Total sudah hampir lima belas menit dirinya menunggu. Tungkainya yang terasa lelah dibawa menuju ke meja yang kosong, memutuskan untuk duduk disana. Dirinya kembali menunggu Jimin sembari duduk dengan tenang. Ia tetap berusaha untuk bersabar karena di pikirannya mungkin saja Jimin sedang sibuk.
Memang sebetulnya ialah yang tidak tahu diri mengajak lelaki itu untuk jauh-jauh bertemu di bawah. Padahal meja kerja mereka pun tidak terlalu jauh jaraknya.
“Yoongi-ssi, maaf. Anda sudah menunggu lama, ya?”
Napas Jimin terdengar berhembus dengan sangat berat. Terlihat jelas jika lelaki itu berlari dari lantai atas untuk sampai kesini. Sebuah effort besar yang dikeluarkan oleh Jimin, dan begitu di hargai oleh Yoongi sendiri.
Yoongi menggeleng pelan, menyangkal jika dirinya telah menunggu lama disana hanya untuk menjaga perasaan Jimin. Memasang senyum terbaiknya yang ditunjukkan kepada lelaki itu.
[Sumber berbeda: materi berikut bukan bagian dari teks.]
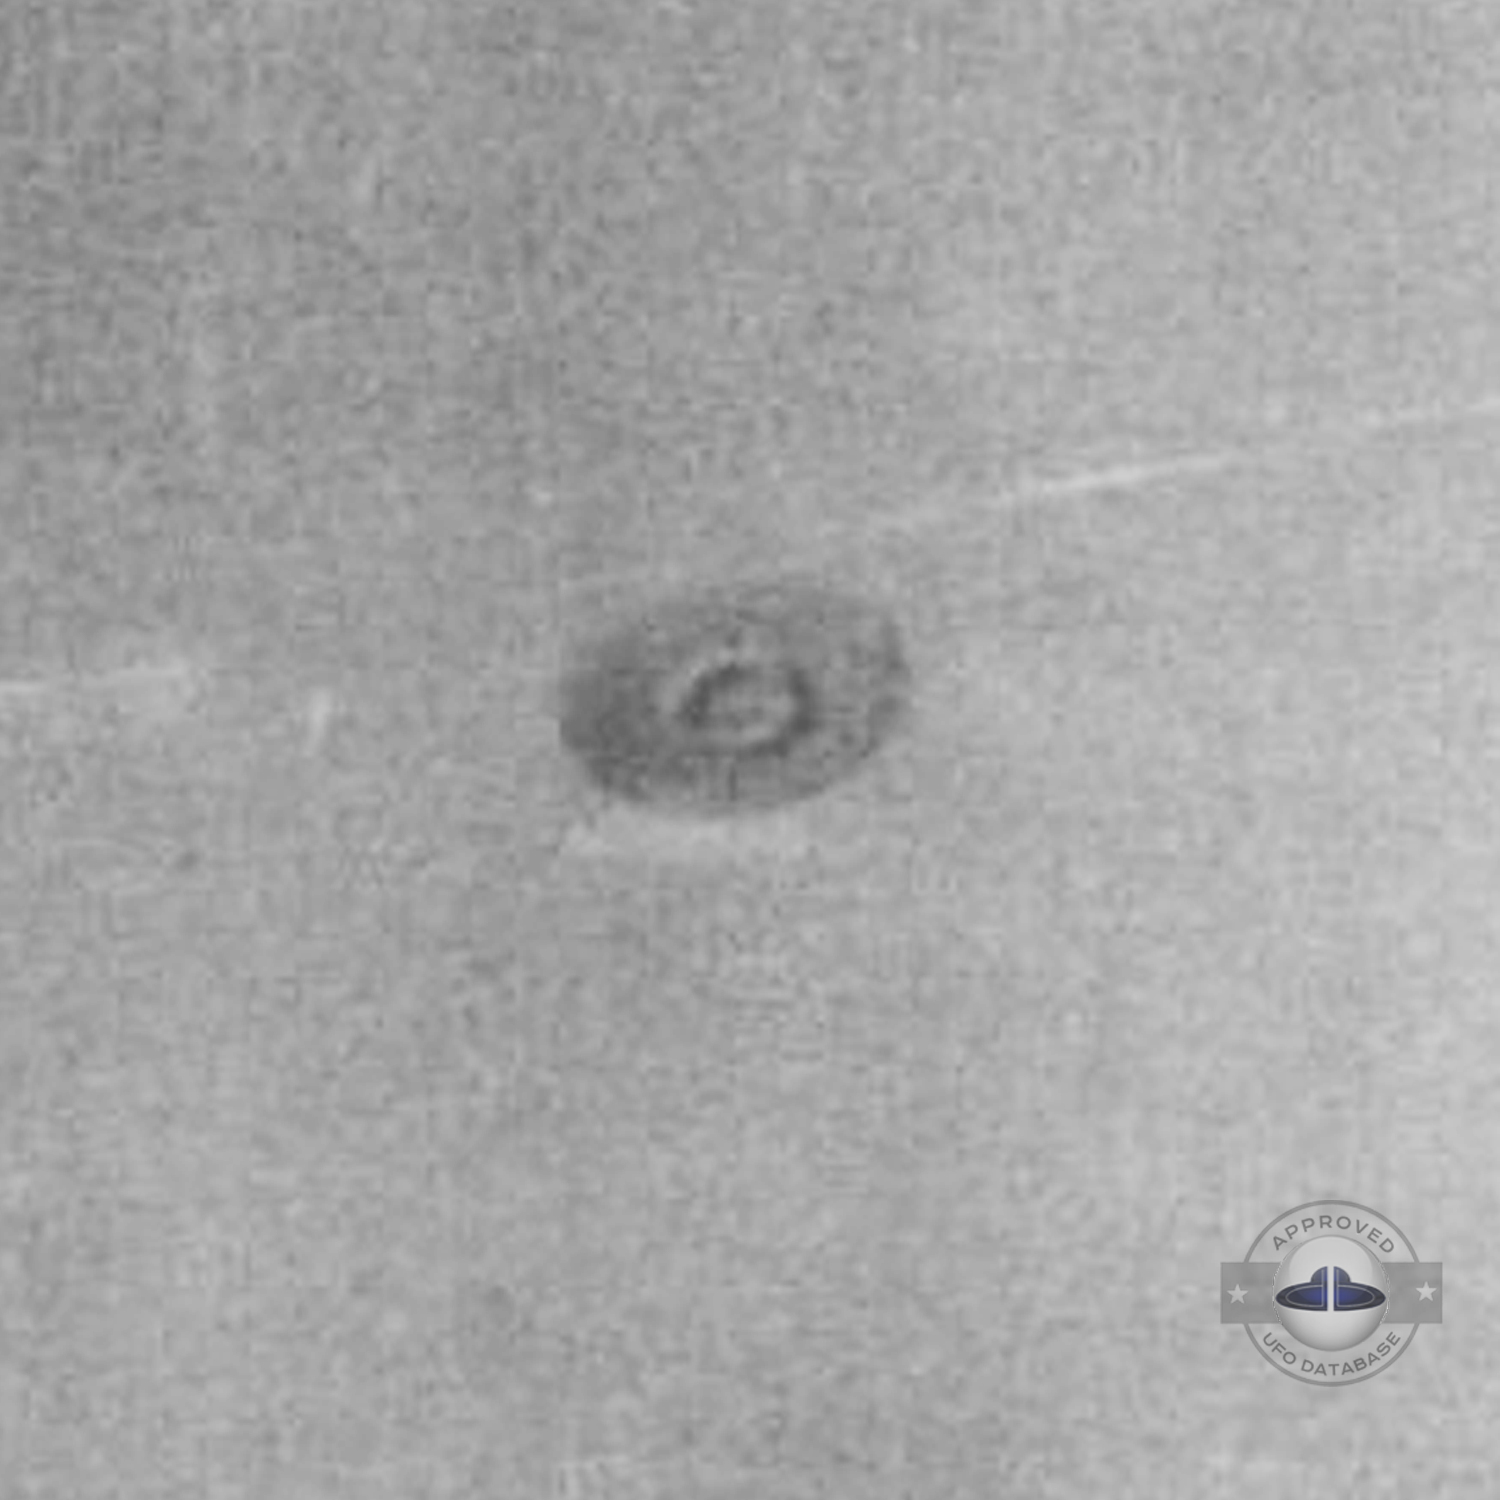 UFO picture considered by A.P.R.O | one of the best ufo picture 1952 UFO Picture #122-5
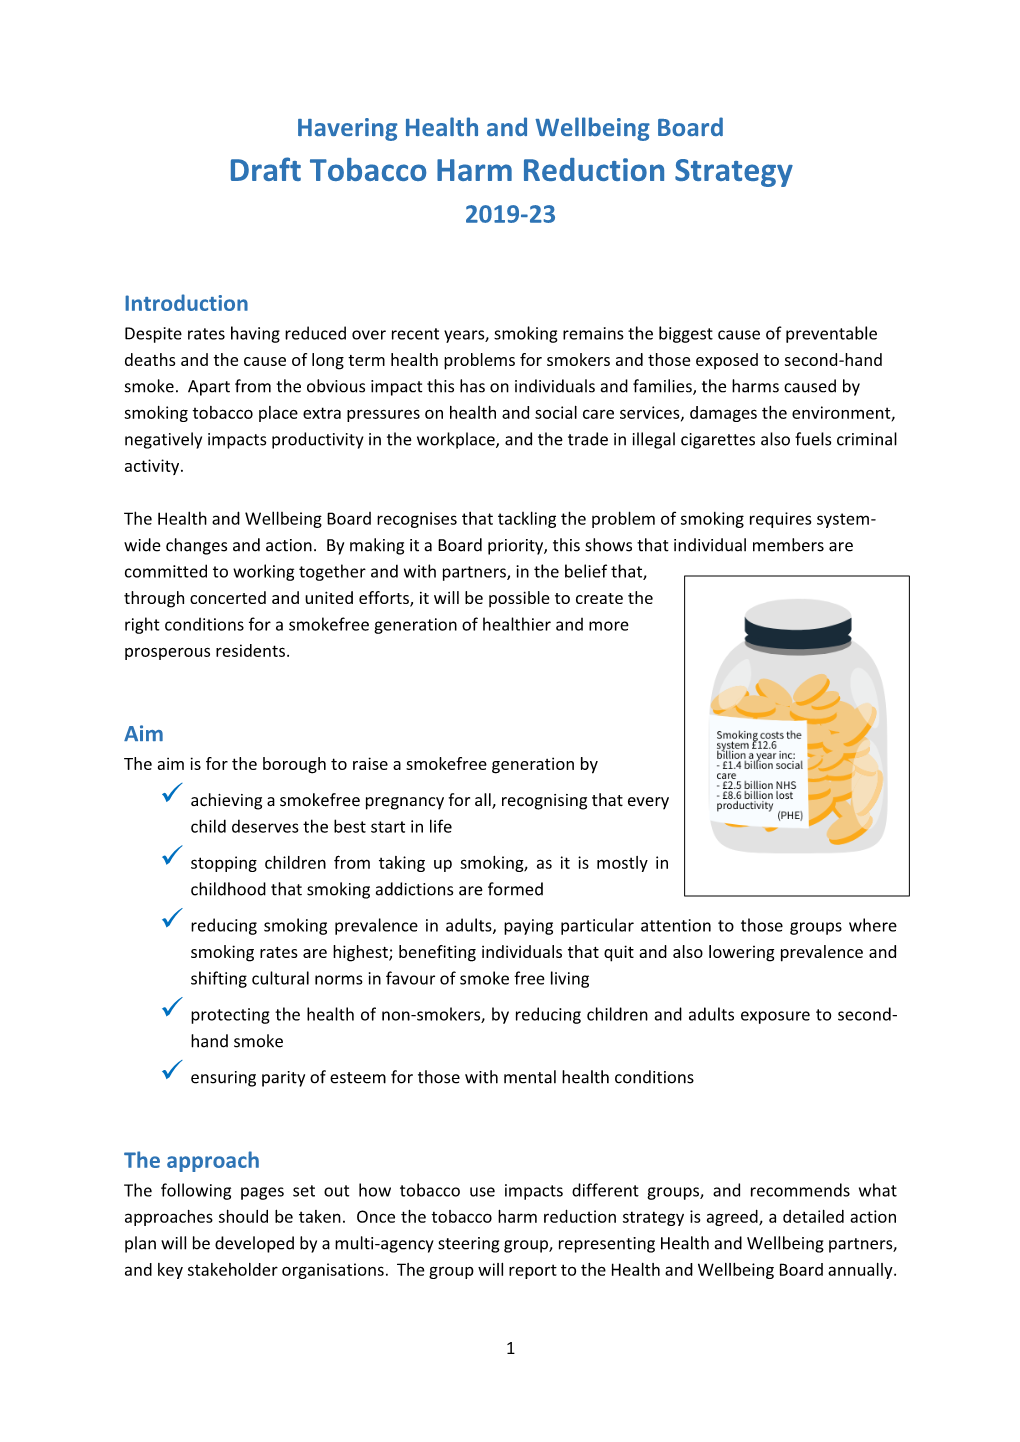 Draft Tobacco Harm Reduction Strategy 2019-23

Menyapa seseorang dengan sejuta pesona di depannya secara lembut dan meminta Jimin untuk duduk terlebih dahulu di depannya.
Setidaknya untuk menarik napas walau hanya sejenak.
“Kenapa lari?”
“Saya lupa melihat jam, lalu saya teringat akan janji saya dengan anda. Makanya saya berlari karena mengira pasti anda menunggu lama disini.”
Jimin berucap dengan nada penuh rasa bersalah. Kepalanya menunduk menatapi meja pantry, enggan untuk menatap balik individu di depannya.
Sementara Yoongi pun disana hanya memasang senyum kecil. Berusaha menenangkan Jimin yang terlihat sangat panik. Bahkan kesalahan lelaki itu tidak sebanding dengan semua kesalahan yang ia buat sejak dulu.
Hanya kesalahan kecil bagi Yoongi, namun dapat membuat lelaki itu sebegitu merasa bersalahnya. Yoongi suka bagaimana cara Jimin menghargai sesuatu hal di dalam hidupnya, yang sayangnya baru ia sadari sekarang.
“It's okay, gue gak masalah. Oh iya, ini kemeja lo. Makasih ya, udah pinjamin ini buat gue beberapa hari yang lalu. Maaf juga baru bisa balikin ke lo sekarang.”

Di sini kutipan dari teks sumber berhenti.